The 2013 Great Bull Run had its second stop in Atlanta at the Georgia International Horse Park and attracted around 3,200 runners and close to 2,800 spectators from all across the Southeast. This was the first year of the tour, which started in August in Virginia.

An age-old tradition in Spain, the running of the bulls did not initially start out as an extreme sport giving men a chance to test their bravery and endurance but rather as a method of transporting bulls from one pen to the bullfighting arena. The most famous of these runs occurs annually  in Pamplona, Spain.

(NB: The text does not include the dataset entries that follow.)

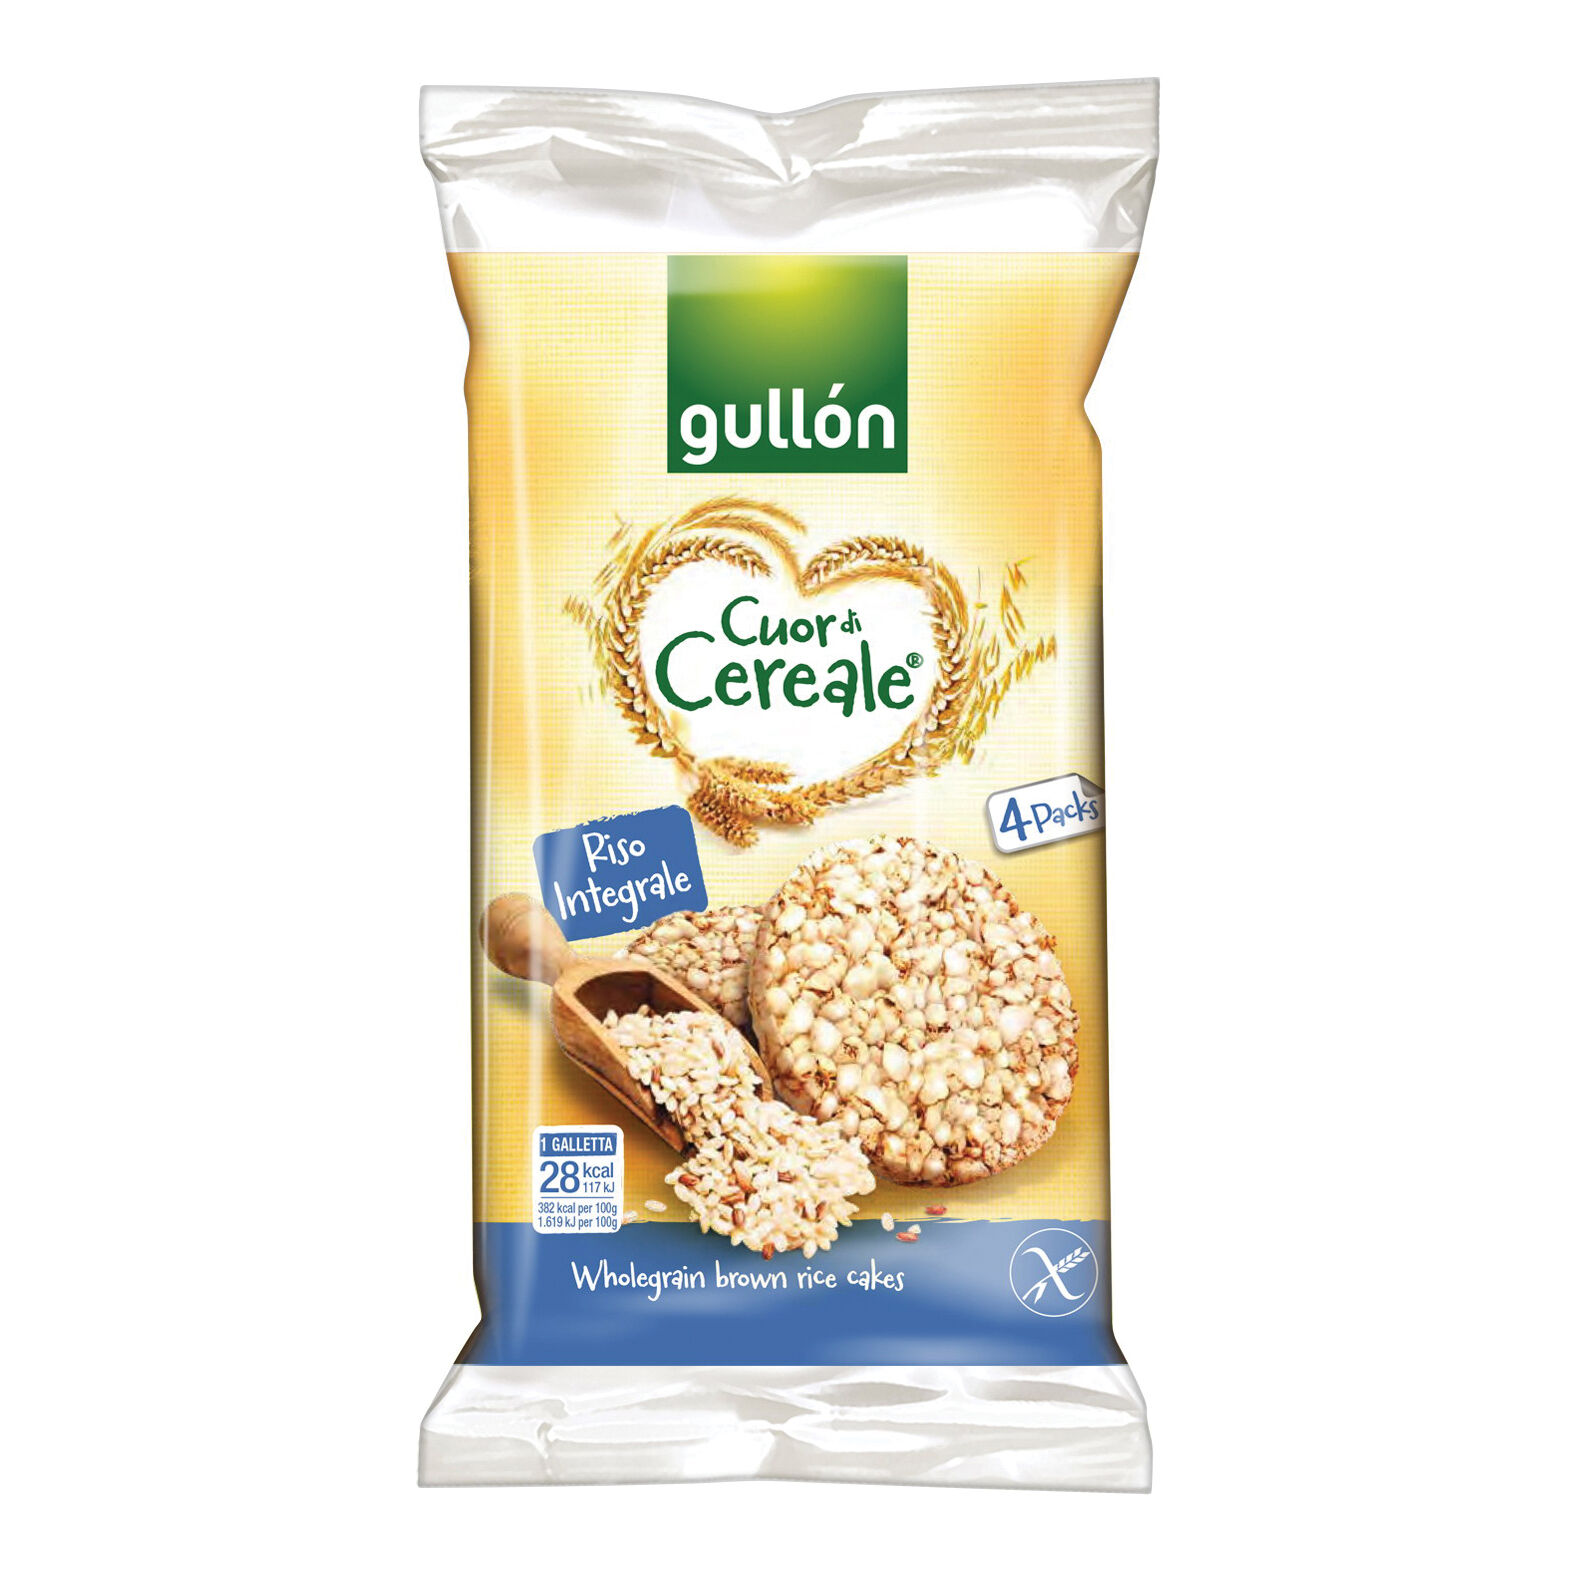 biscotti gullon srl Gullon gallette riso integrale 115,2 g
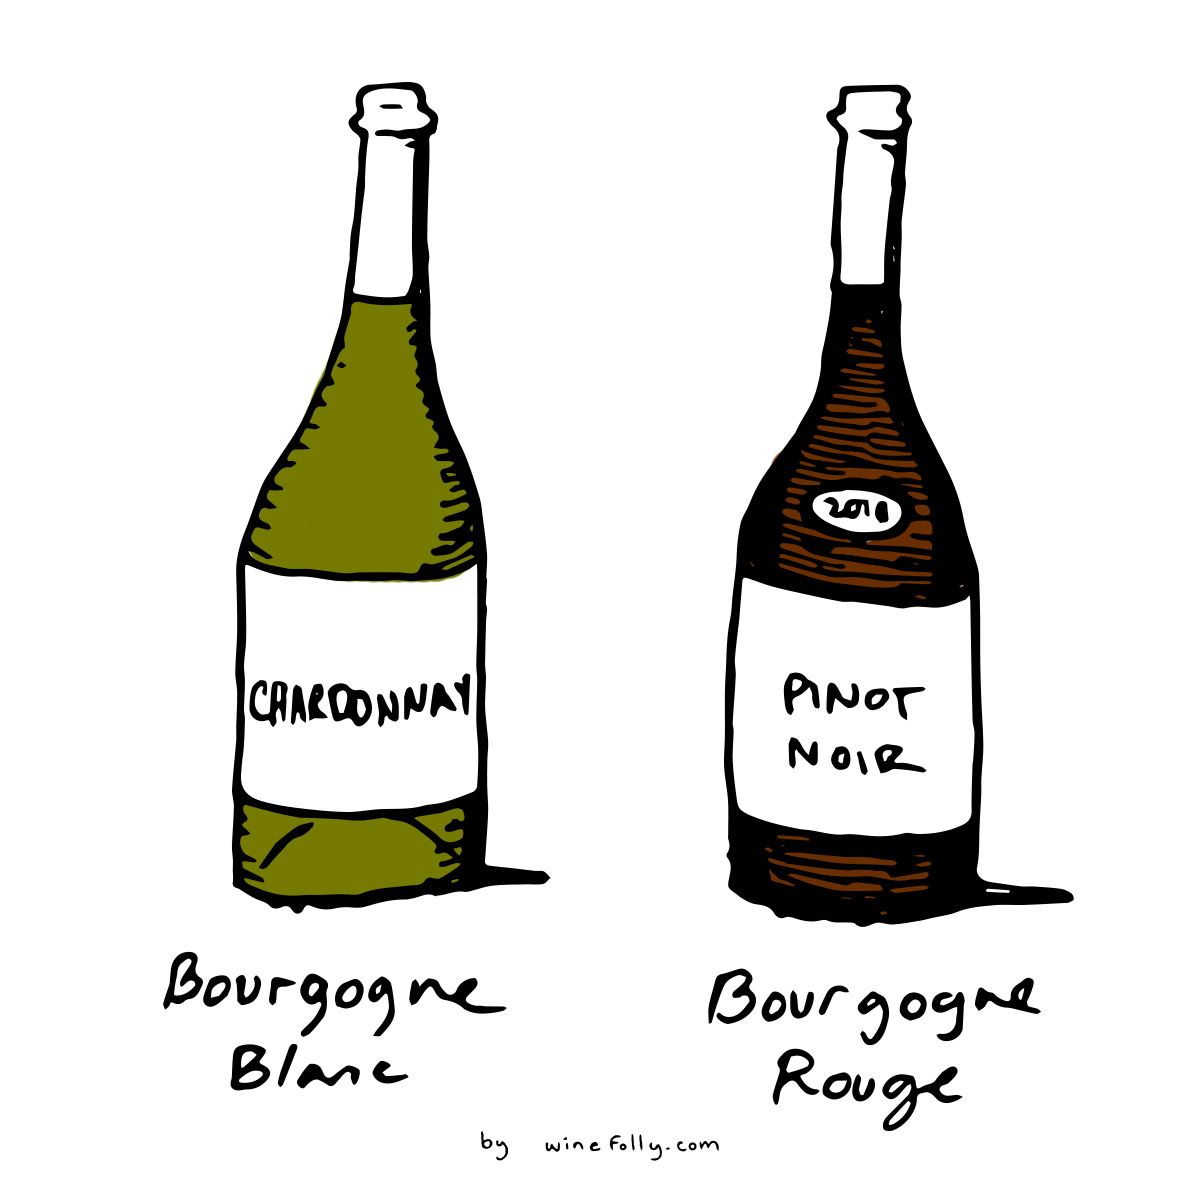 Chardonnay y Pinot Noir son las dos uvas principales de los vinos Blanc y Rouge de Bourgogne (Borgoña) - ilustración de Wine Folly
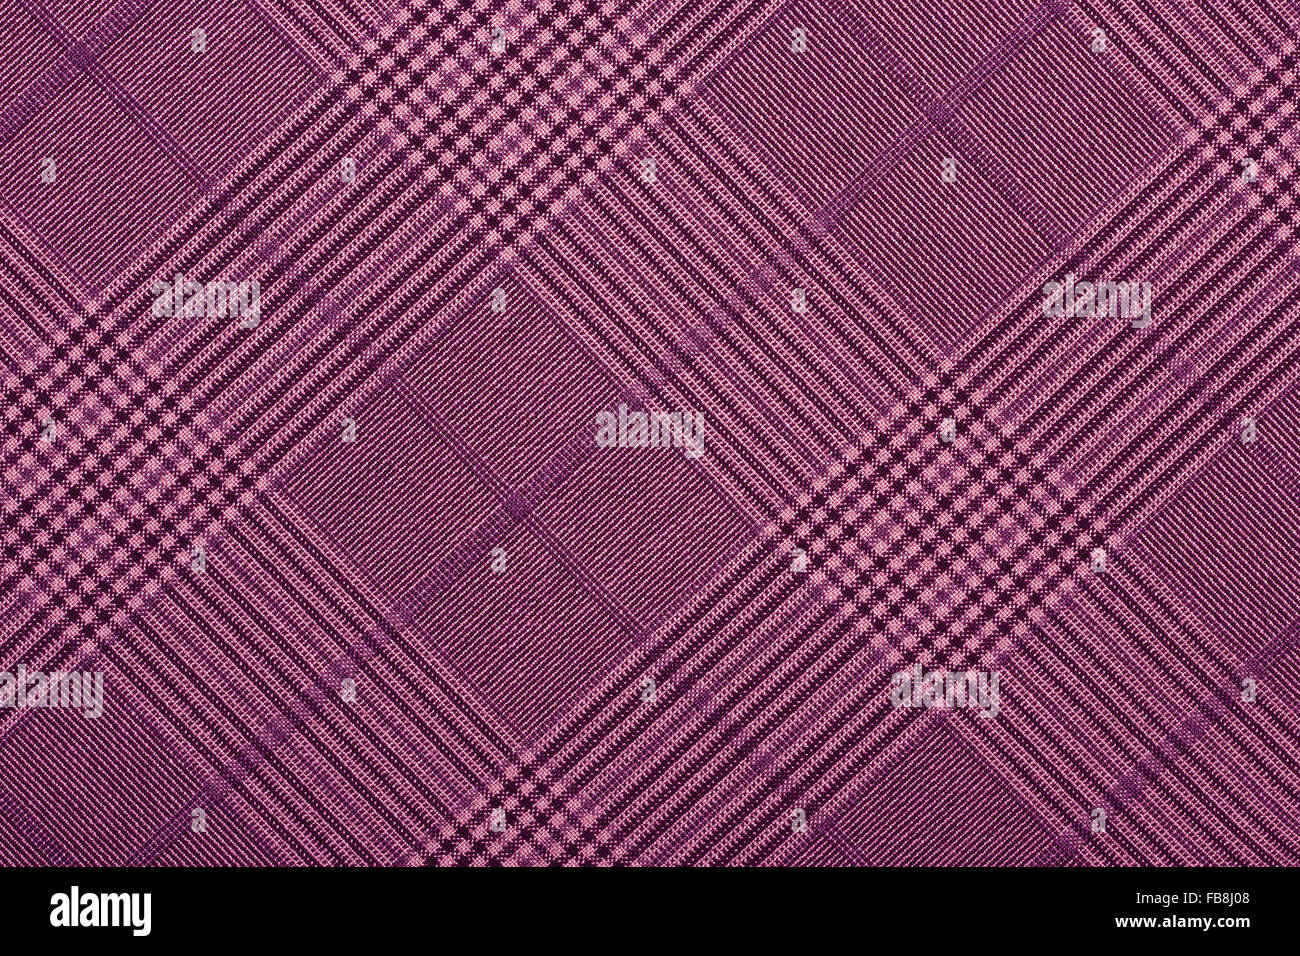 Material púrpura en patrones geométricos, un fondo o textura Foto de stock

The founders of the The Great Bull Run, COO Rob Dickens and CEO Brad Scudder, said they wanted to give people in the United States a chance to run with the bulls without having to make the trip to Pamplona.

“It’s very difficult for most people in North America to find the time and money to make the trip to Pamplona to run with the bulls,” Dickens wrote. “ In fact, it costs about $3,000 per person for airfare, hotels, trains, etc. not to mention you need at least a week off of work.  For most people it’s simply impossible.  That’s why we’ve decided to bring it here to the U.S.”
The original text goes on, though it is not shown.